- _TASK OBJECTIVE_: Each line from the one holding "Iron Irn052 Yatak" to the last line of the listing must be set down exactly. No pictures are to be included.

- _DATA SHOWN_:
* * *

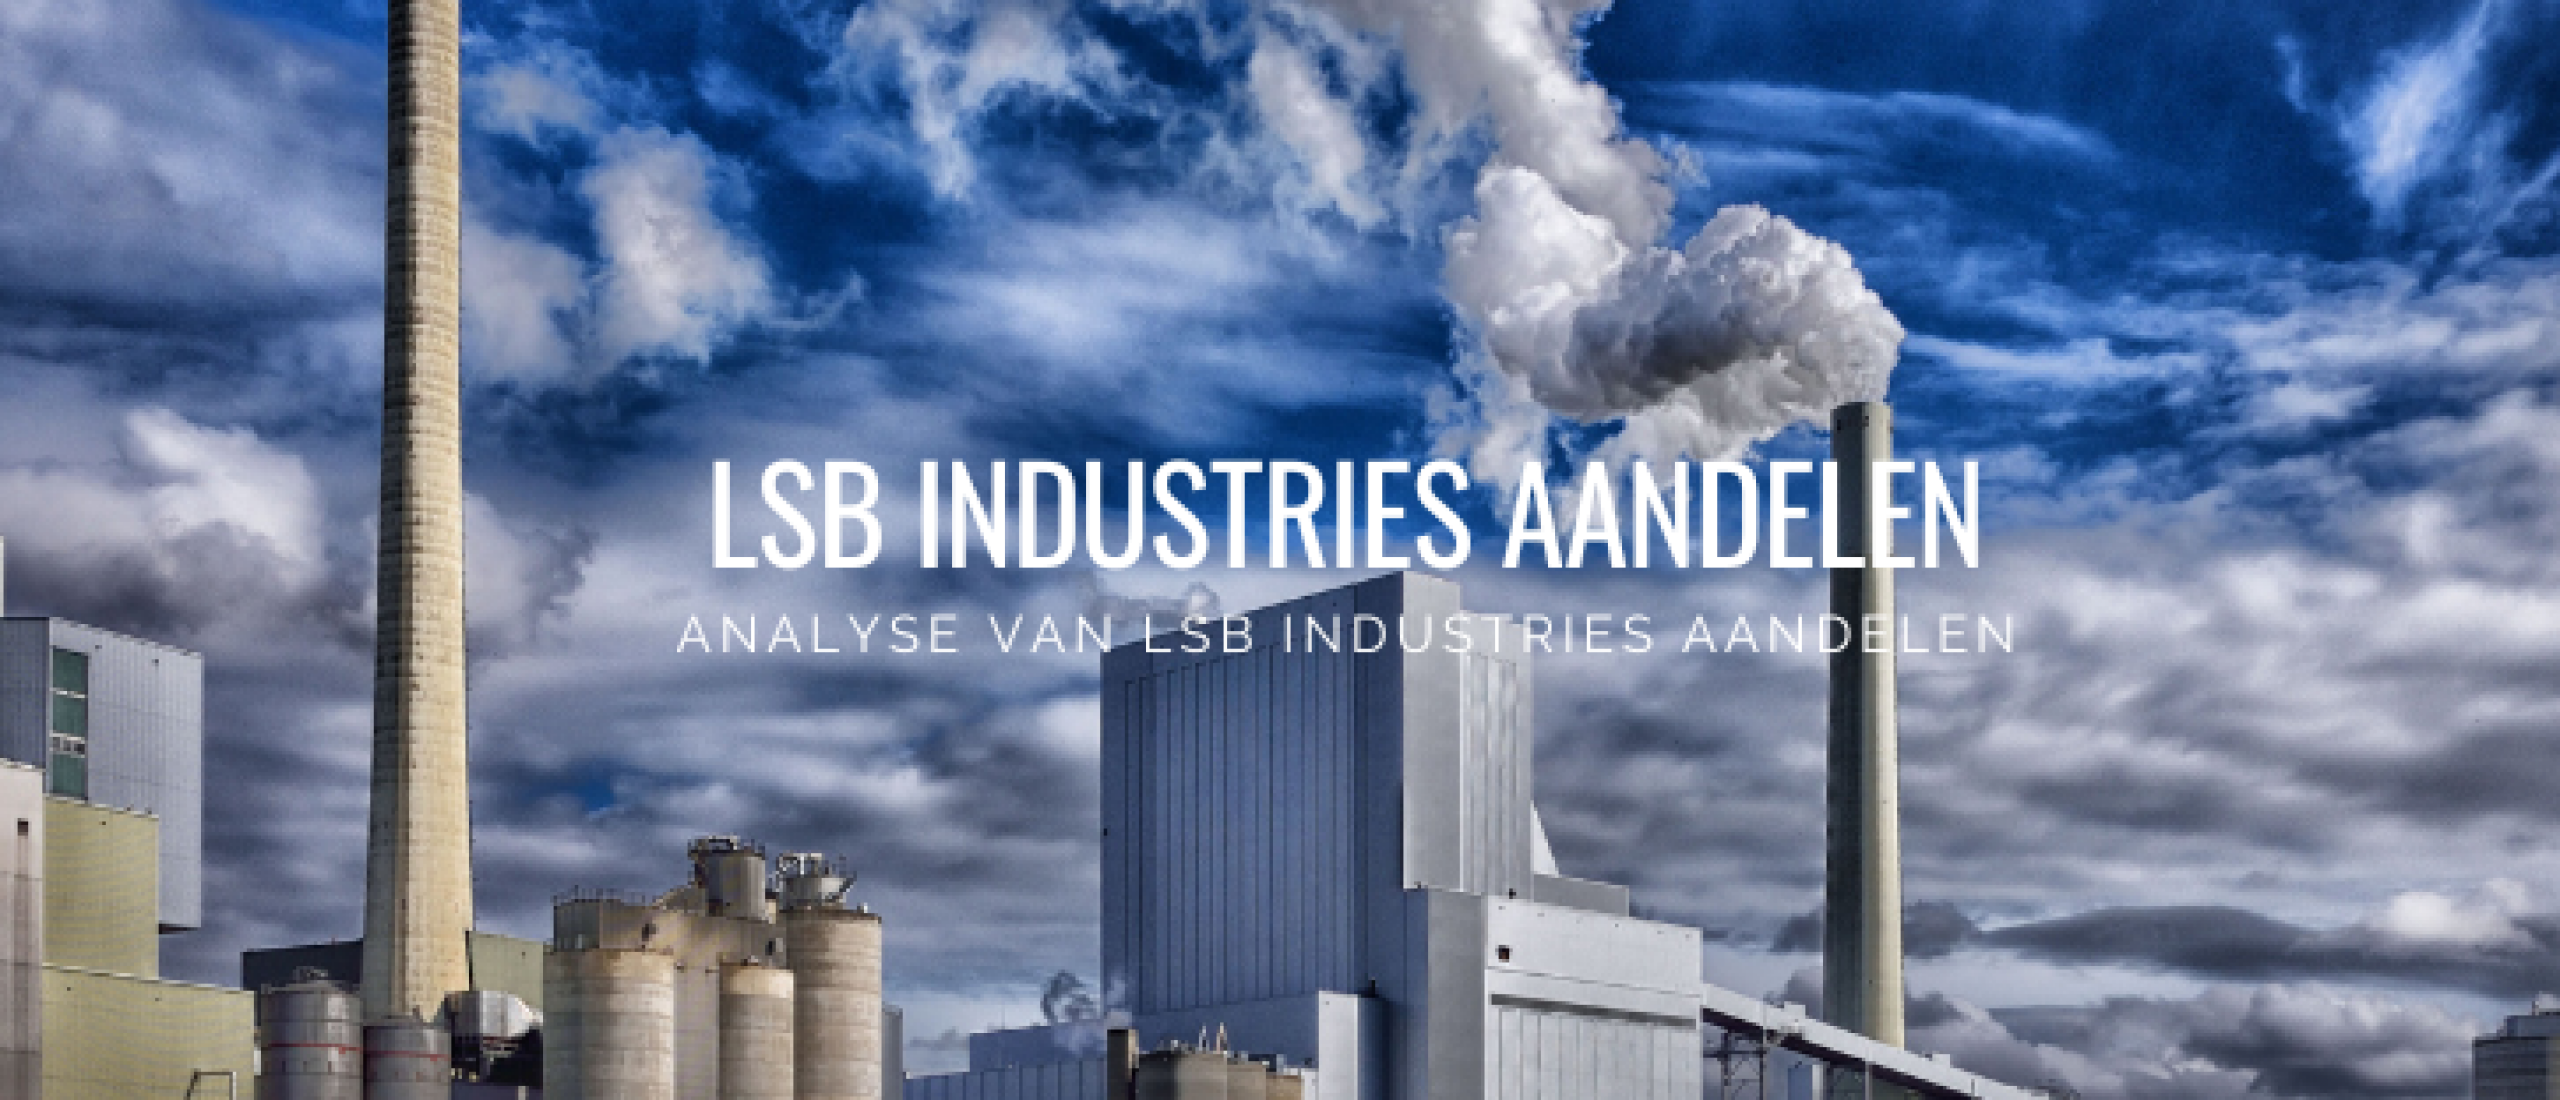 LSB Industries Aandelen kopen? Analyse +62% Groei | Happy Investors
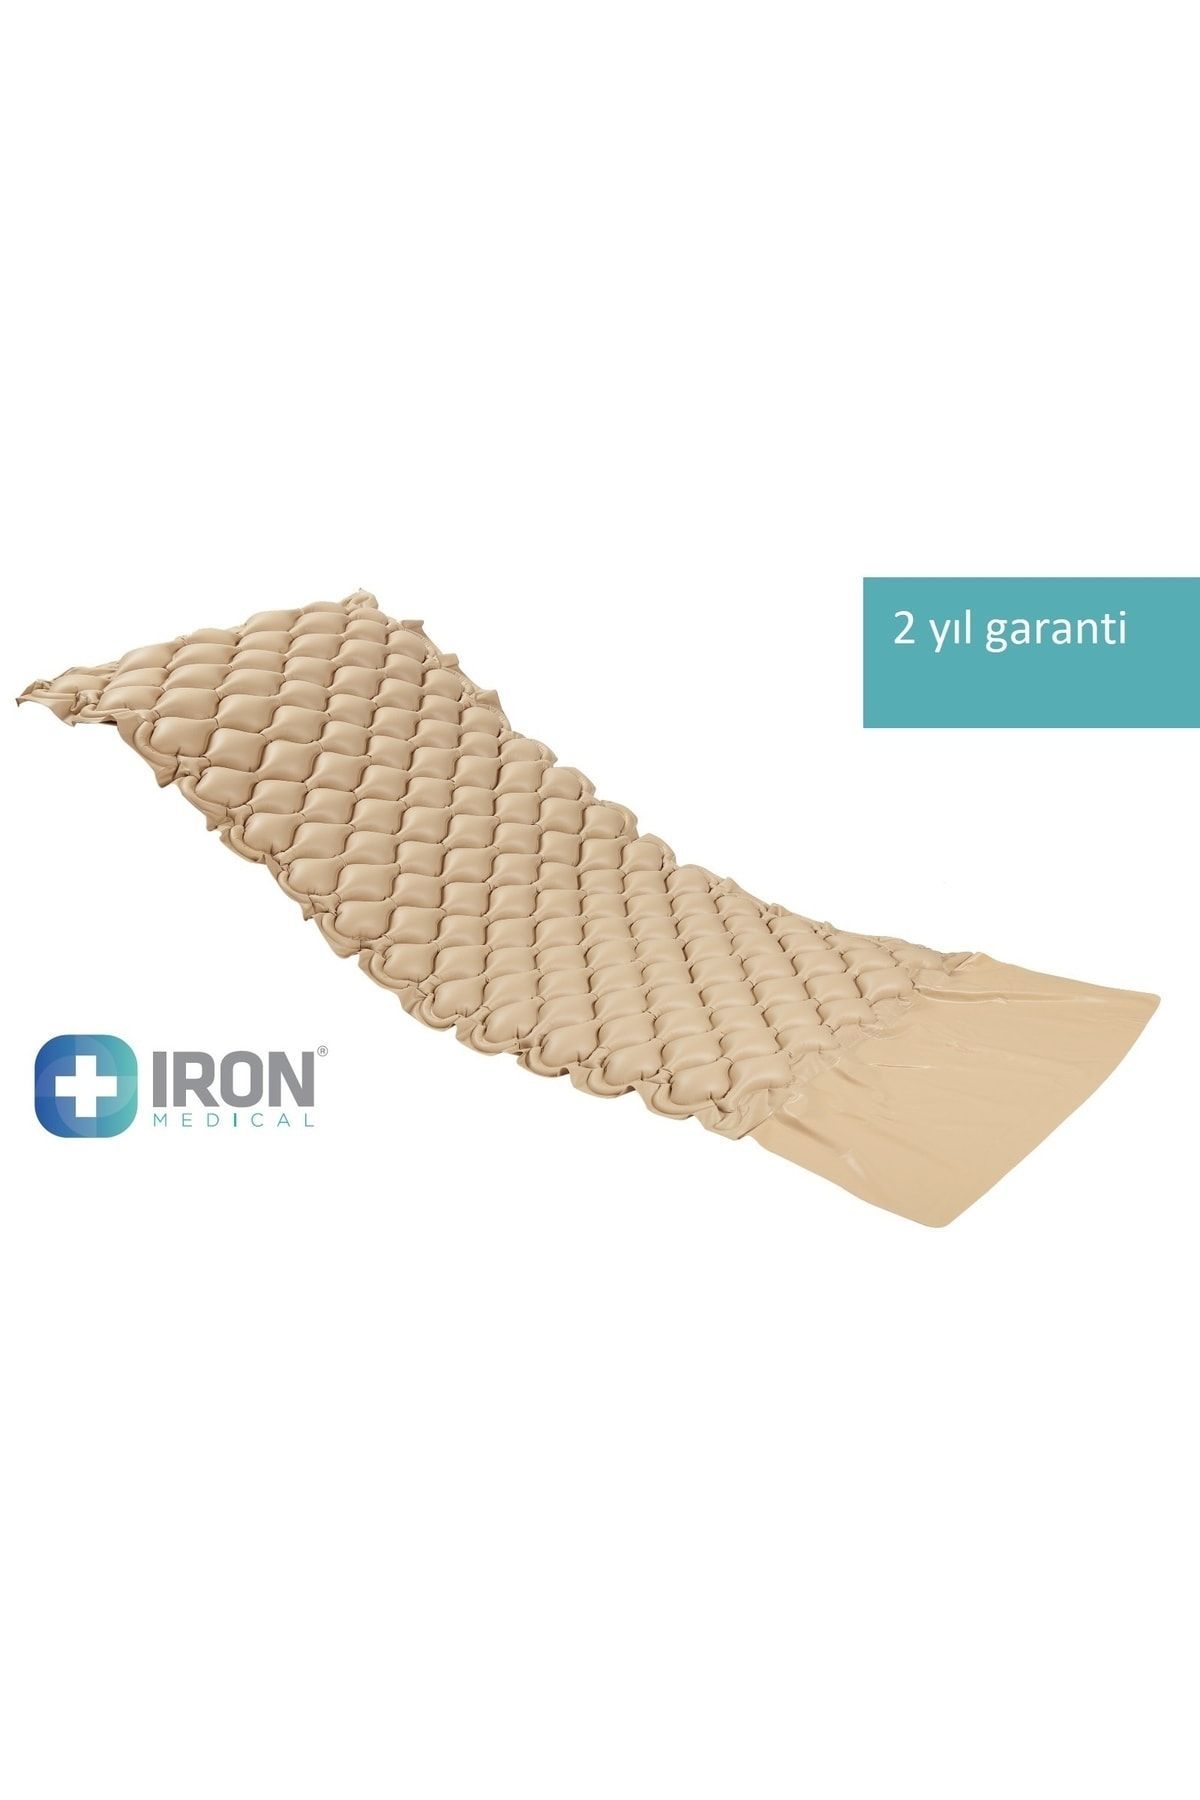 Iron Irn052 Yatak Yaralarını Önleyen Havalı Yatak Sistemi Baklava Tipi
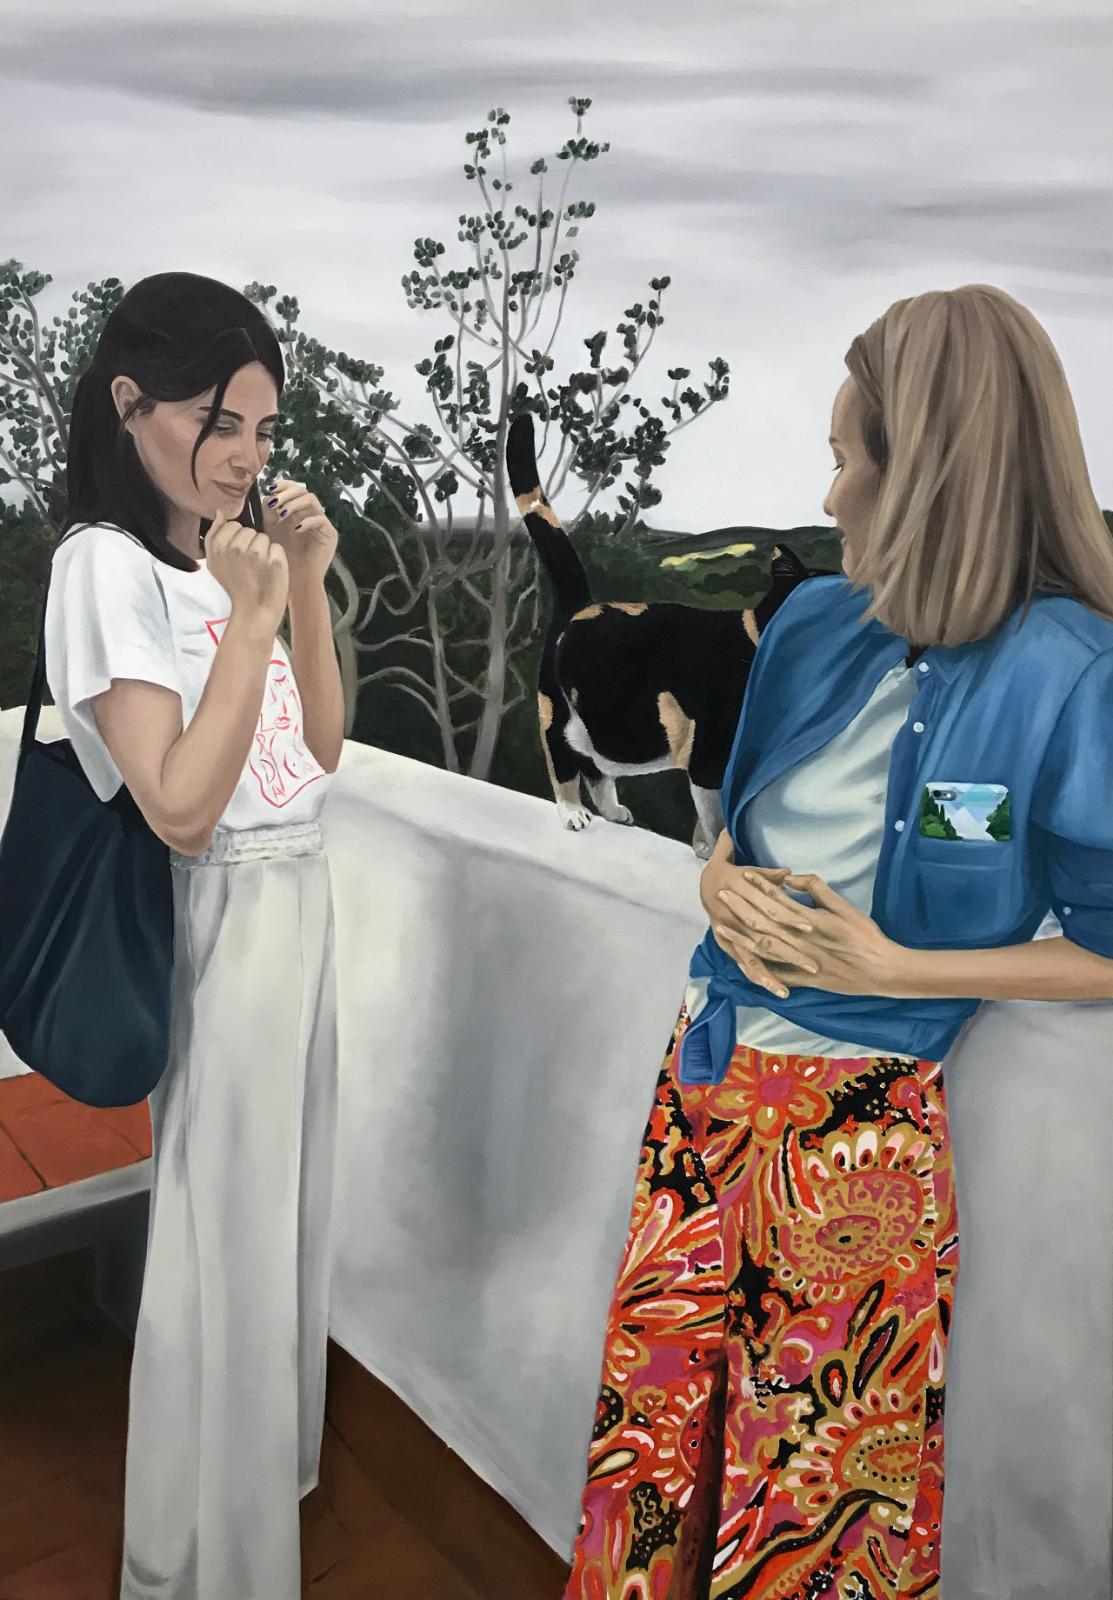 Janka Zöller, Alina and Kata on the terrace, 2019, Öl auf Leinwand, 200 cm x 140 cm

* * *

- _EXERCISE OUTPUT_:
 Iron Irn052 Yatak Yaralarını Önleyen Havalı Yatak Sistemi Baklava Tipi
 Janka Zöller, Alina and Kata on the terrace, 2019, Öl auf Leinwand, 200 cm x 140 cm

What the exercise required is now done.